Why Dave's World is obsessed with Mexican wrestling
It is Saturday morning, and these days at Dave's World HQ in West Seattle, that means one thing and one thing only: CMLL wrestling on Galavision.
Make no mistake about it, my Saturday does not begin until CMLL is over. If for some reason I'm not home, it gets TIVOed and I catch up later.
Why the fascination with CMLL? Partly, because I work late nights from Wednesday through Friday and by the time Saturday morning rolls around and I don't have to do anything, two hours of Mexican wrestling is a reasonable way to mentally decompress.
Mainly, it is because I'm a wrestling fanatic, have been one practically my entire life, and make no apologies for this. Just about everyone watched wrestling at some point or another in their life. I never stopped.
It started when I was seven, and watched Championship Wrestling on Channel 56 in Boston, as well as All-Star Wrestling on Chs. 27 and Ch. 68. It continued through World Class Championship Wrestling on Channel 25; the national cable wars with the WWF vs. the NWA and all the assorted promotions in the 1980s; ECW in the 1990s; and part two of the cable wars between the WWF and WCW in the 1990s.
(NO! Dave's World's favorite luchador, Mistico, has been relegated this week to "Momentos Estellares," a segment in which highlights are aired from the matches that do not get shown in full. Booooooo! Unacceptable. Even stranger, they are rehashing his big mano-a-mano upset win over Ultimo Guerrero from last week (Mistico has a headlock on UG, below).
Which brings us to the wrestling business in 2005, and why I am watching the Conseja Mundial de Lucha Libre from Mexico City instead of the WWE. Vince McMahon owns about 99% of the wrestling business in America …
Gotta interrupt myself -- wow. There's this CMLL wrestler named Super Porky, who looks exactly as his name implies. He's got to be 5-foot-7, I'm guessing 350 pounds, about 40 years old, greasy hair, and a wispy moustache. Basically, put a Yankees hat and jacket on him and stick him in the $18 right field upper deck seats at Yankee Stadium and he'd blend right in.
So, all the luchadors are accompanied to the ring by the model-type chicks you see every time you stumble on a Spanish language station. Porky has stopped to do a dance routine up on the entrance ramp with his seconds and is shaking his corpulent posterior around with these hot babes. This is hysterical, trust me.
Oh no. Porky's team is going up against some sort of washed-up evil cowboy looking team. I've nicknamed them Los Vaqueros Del Nursing Home. I think I can skip this match.

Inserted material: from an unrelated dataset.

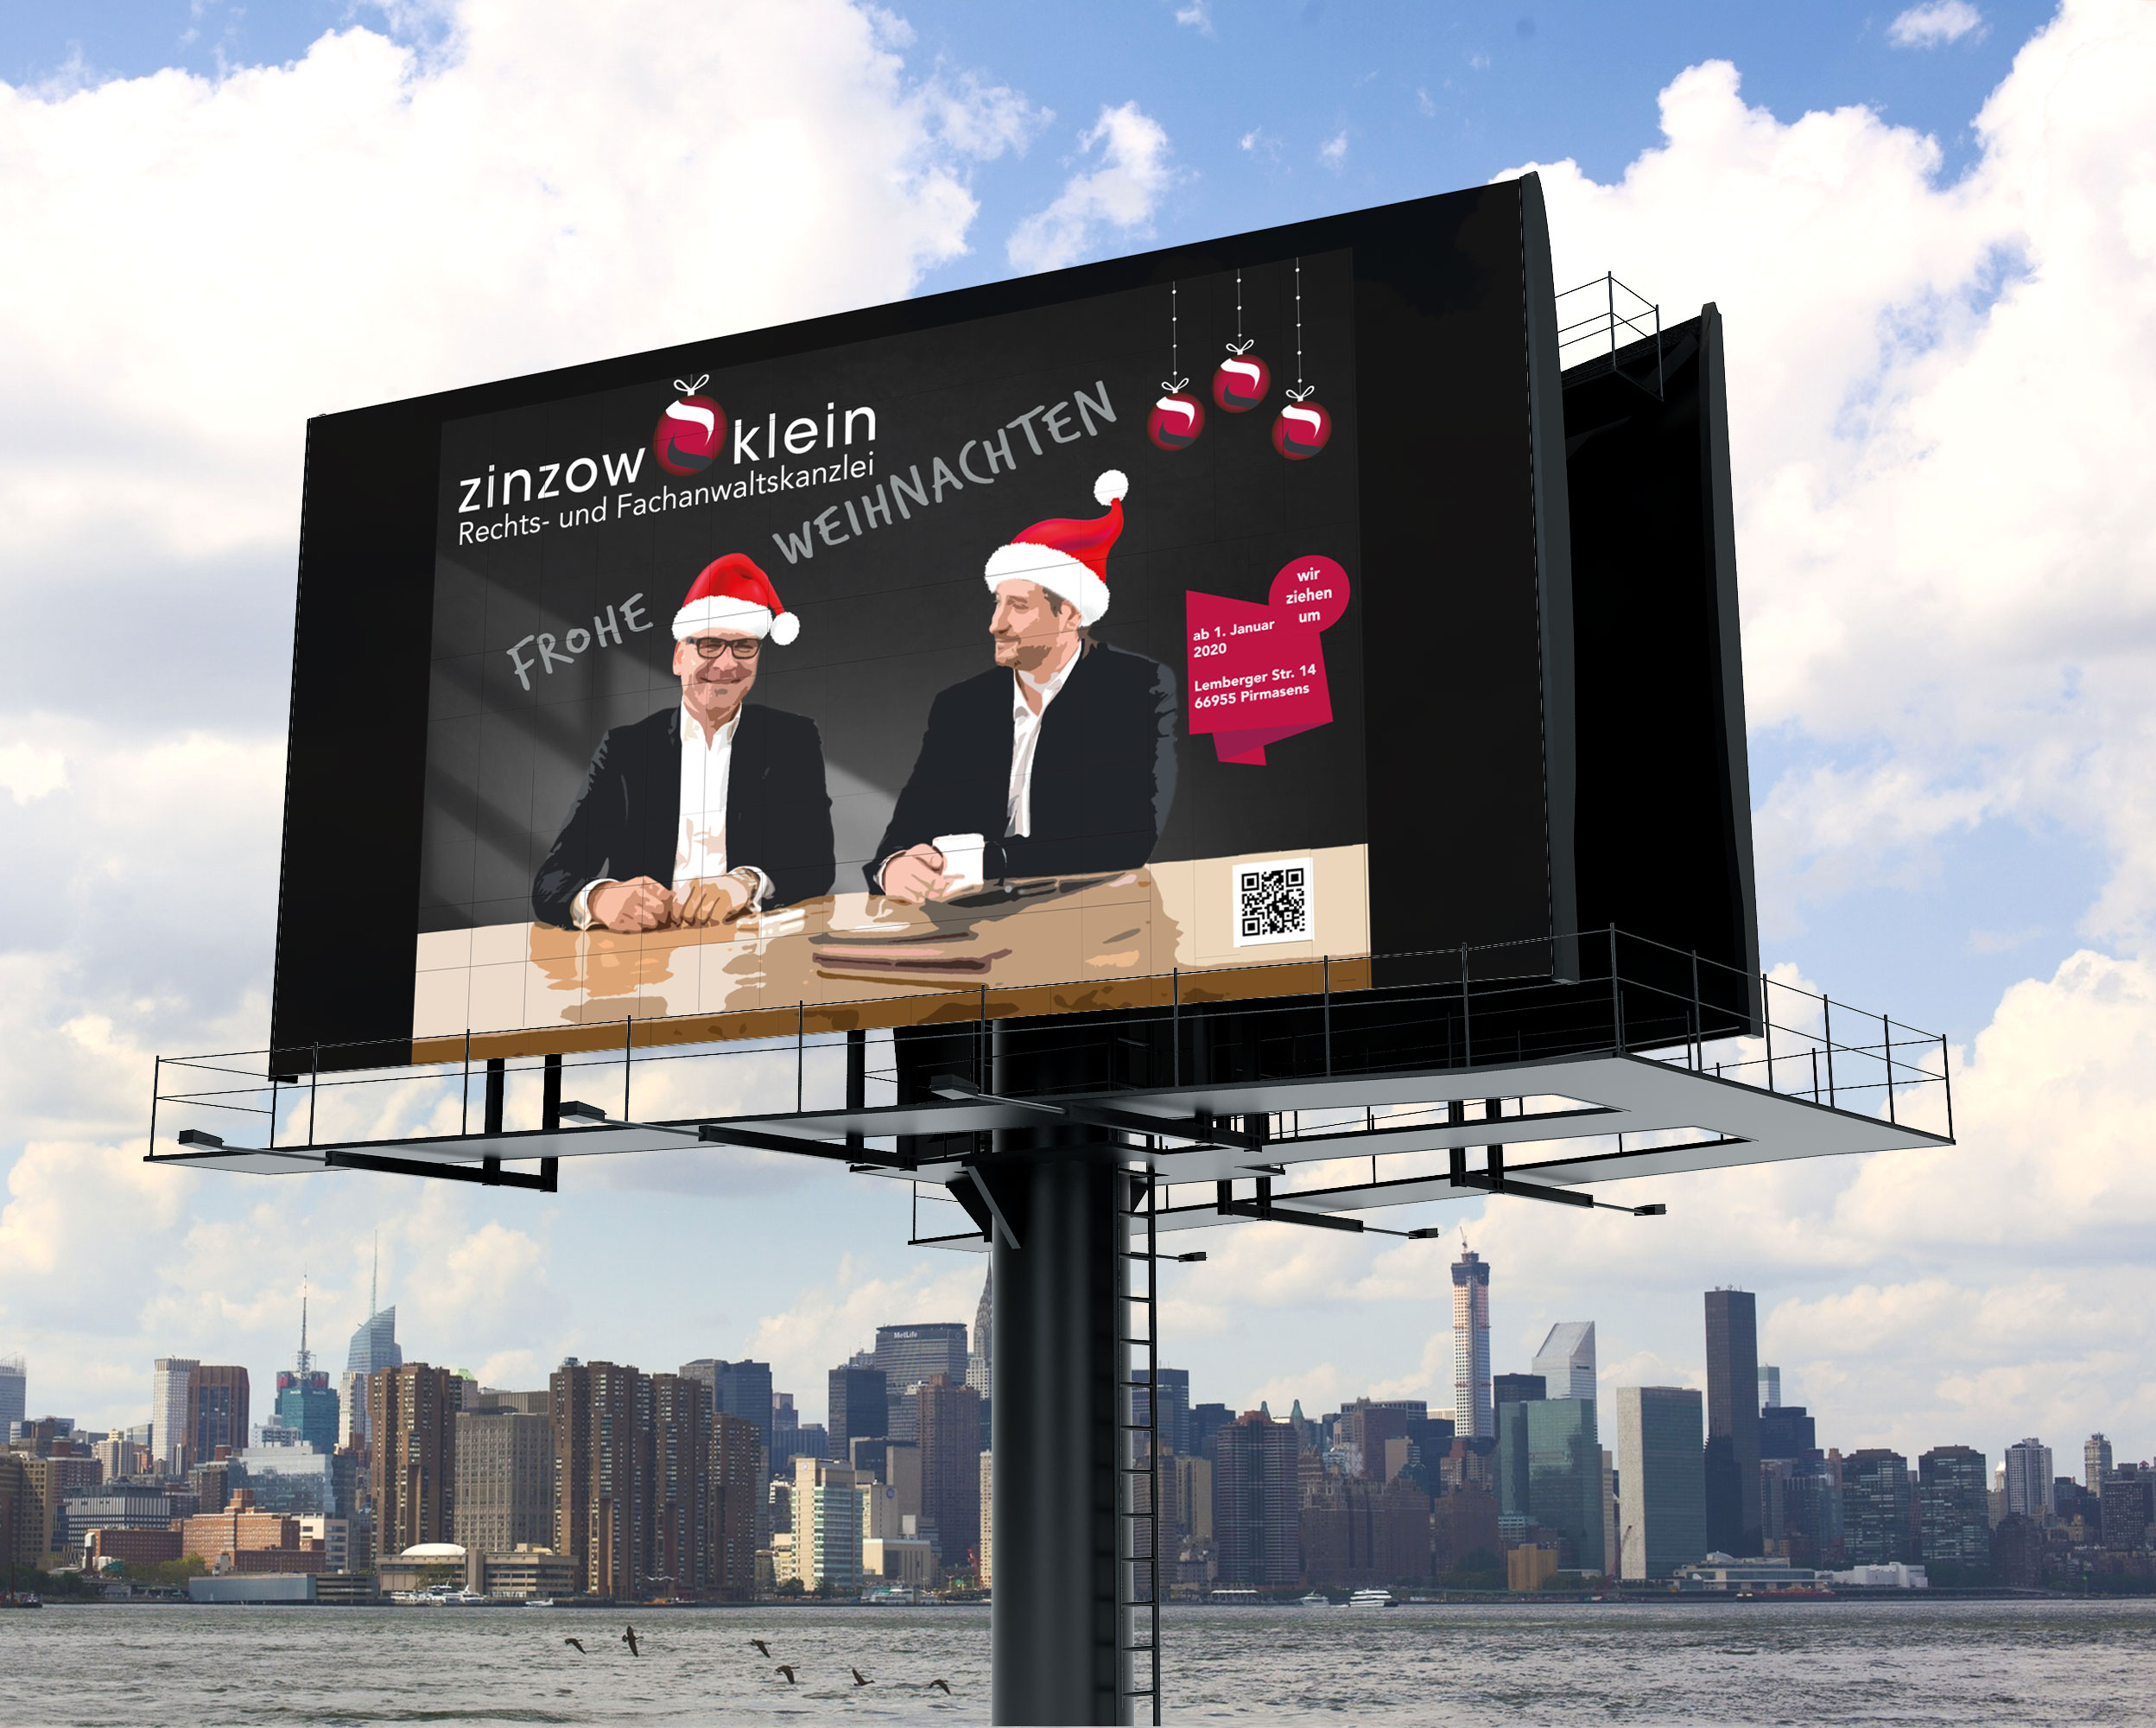 Weihnachtsplakat Rechtsanwalt

Where was I? Oh yeah, the state of the wrestling business. So Vince and his WWE own everything and have a staggering collection of talent on the roster. And yet, far and away, the best wrestling program in America right now is this one out of Mexico City put on in a foreign language on a station that few cable systems carry and you basically need a dish to receive.
How could that happen?
Well, wrestling got stale. It is a cyclical business, was super hot during the late-1990s, and cooled off. Fans understand that wrestling is not a legitimate athletic competition, but it clicks with the mainstream when viewers can sink their teeth into something that seems real -- like, people knew there was a legit business rivalry between the WWF and WCW, and tuned in every week to see where it would lead. Or, Stone Cold Steve Austin became a huge star because it wasn't too hard to imagine that his redneck, anti-authority, hell-raising persona was what he was like in real life. And so on.

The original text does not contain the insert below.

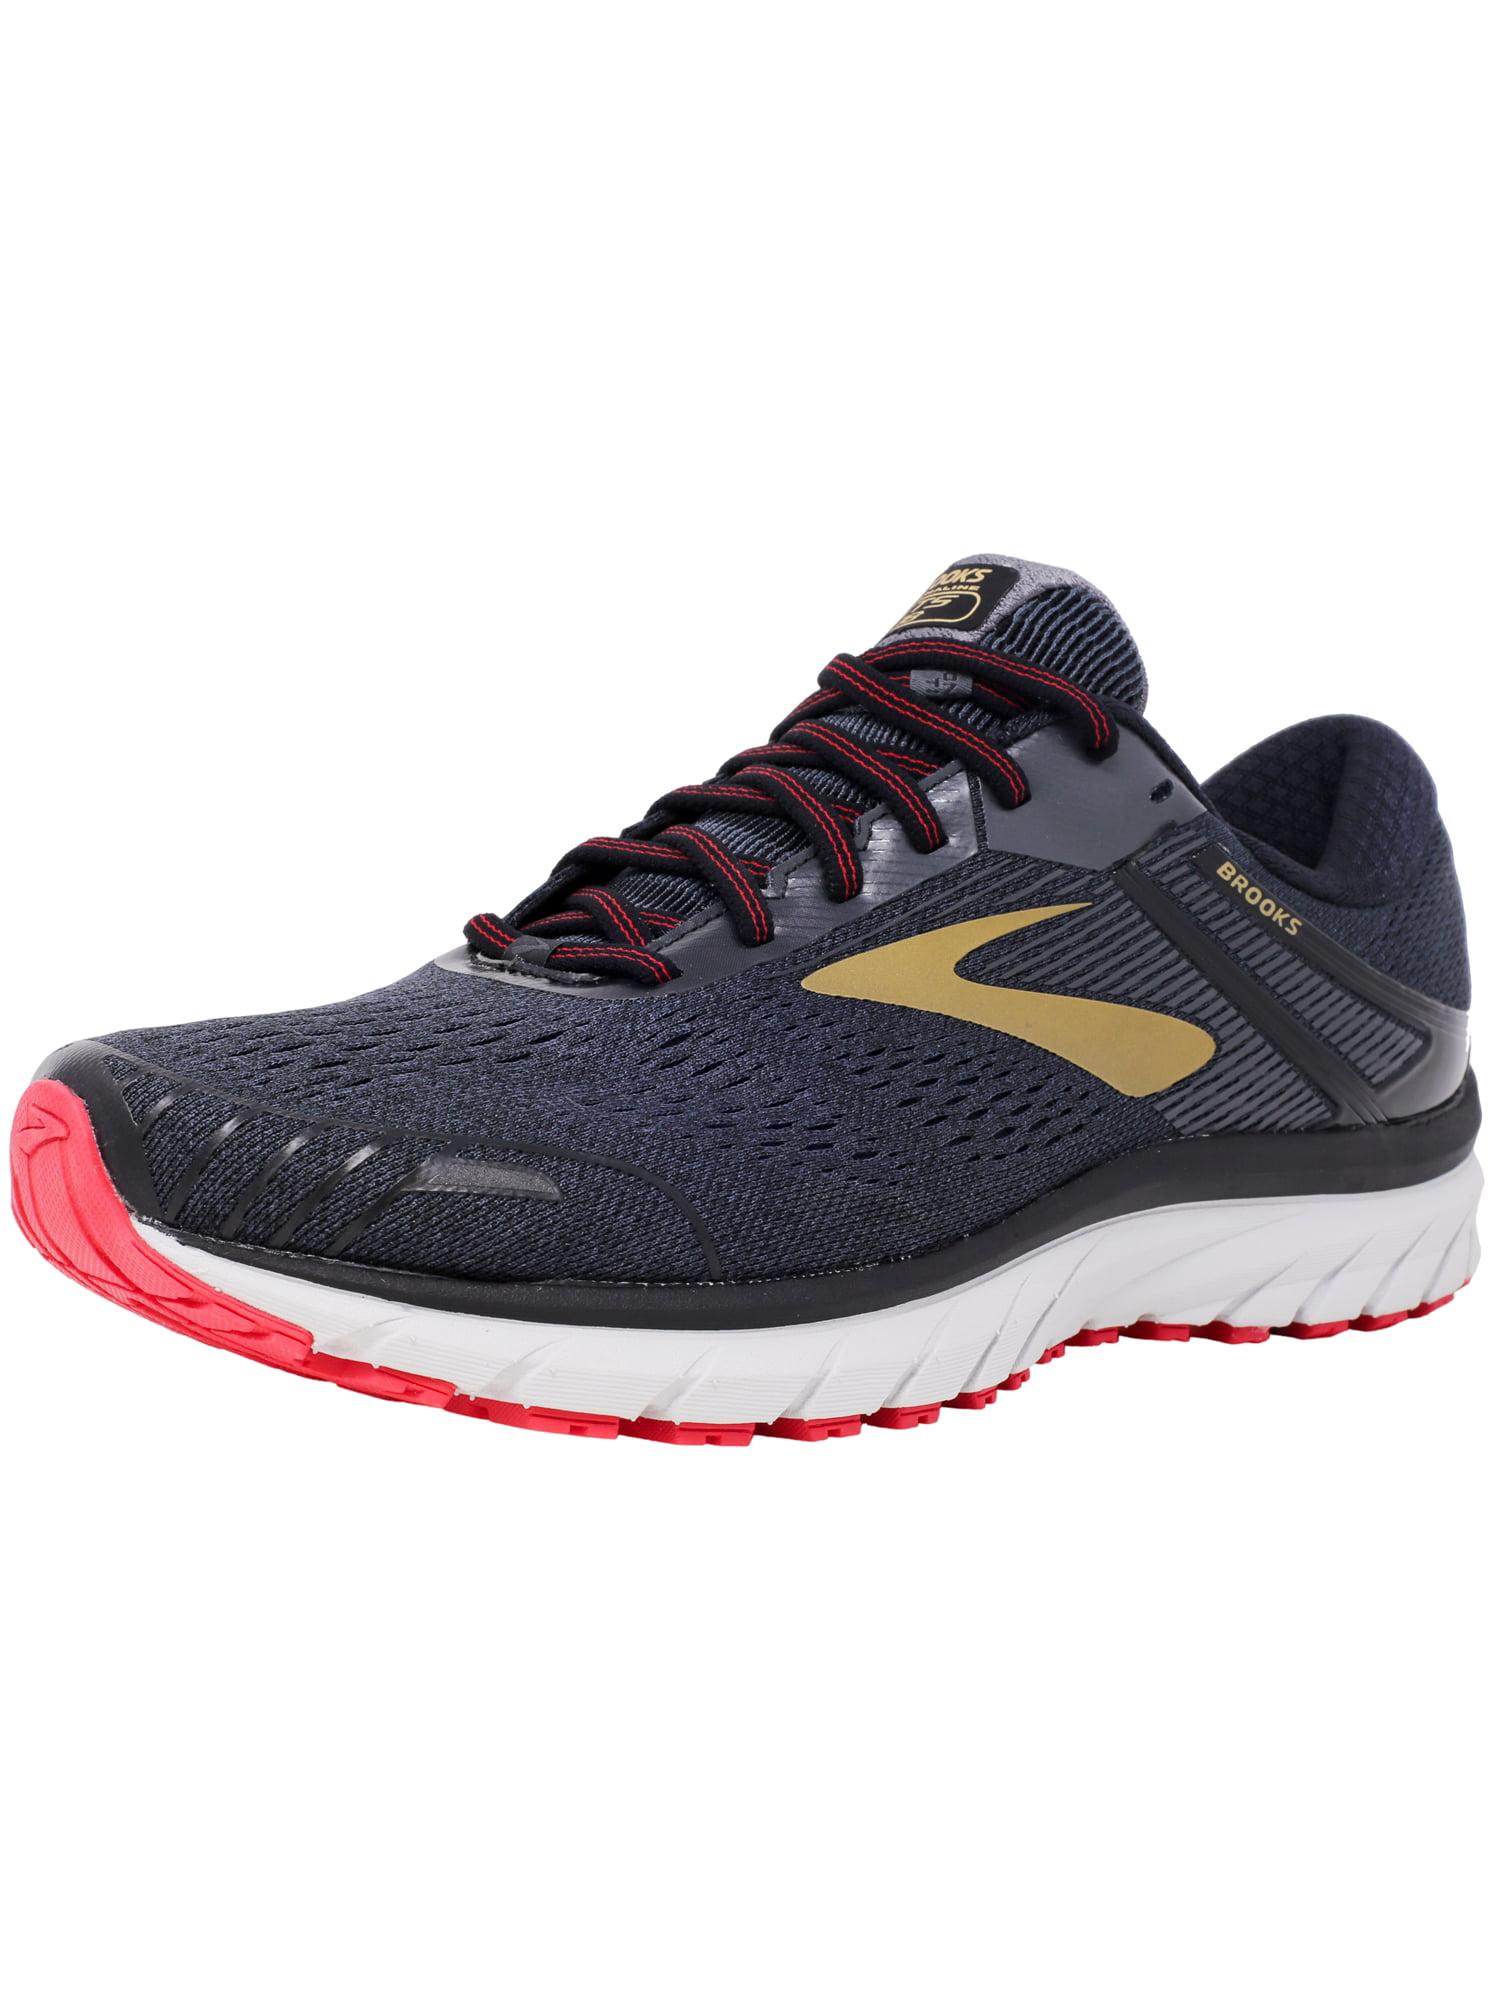 3ebb1d49effc9 Brooks Men s Adrenaline Gts 18 Black   Gold Red Ankle-High Mesh Running Shoe  - 13W

But it you turned on Raw and/or Smackdown this week -- something everyone did five years ago but few do now -- you'd see the same recycled, contrived characters, plotlines, stage sets, backstage incidents, etc., that you saw in 1998. With no WCW to push them to improve the product, they'll ride this formula into oblivion, and considering the obscene amount of money they made during the boom period, that could take awhile).
(Oh man … Super Porky just dropped his gigantic ass onto the chest of one of Los Vaqueros del Nursing Home. Bad times for the victim).
Which is why CMLL is such a great alternative. There are no retarded, poorly acted backstage skits and no 20-minute long snoozer interviews. Just two hours of non-stop action in the ring, in front of large, enthusiastic audiences. All the matches end in some sort of conclusive finish. It doesn't matter that I don't speak Spanish, because the themes are the simple "these guys who don't like each other are going to fight" storyline that wrestling is at its best but WWE doesn't seem interested in anymore. About 80% of CMLL's matches are six-man bouts without tags, just a nonstop whir of action; and occasionally something happens that peeve two combatants enough to challenge each other to a one-on-one match. Simple, effective, and you don't even need to follow the commentary to understand it. It is something WWE could learn from.
Alright! We're getting Mistico after all. He's wearing a title belt of some sort, which he didn't have last week. And Ultimo Guerrero, who lost to Mistico in two straight falls last week, just chased him out to the ring, looking to atone for the embarrassment of getting his tail kicked by someone half his size. Main event time. I'm out.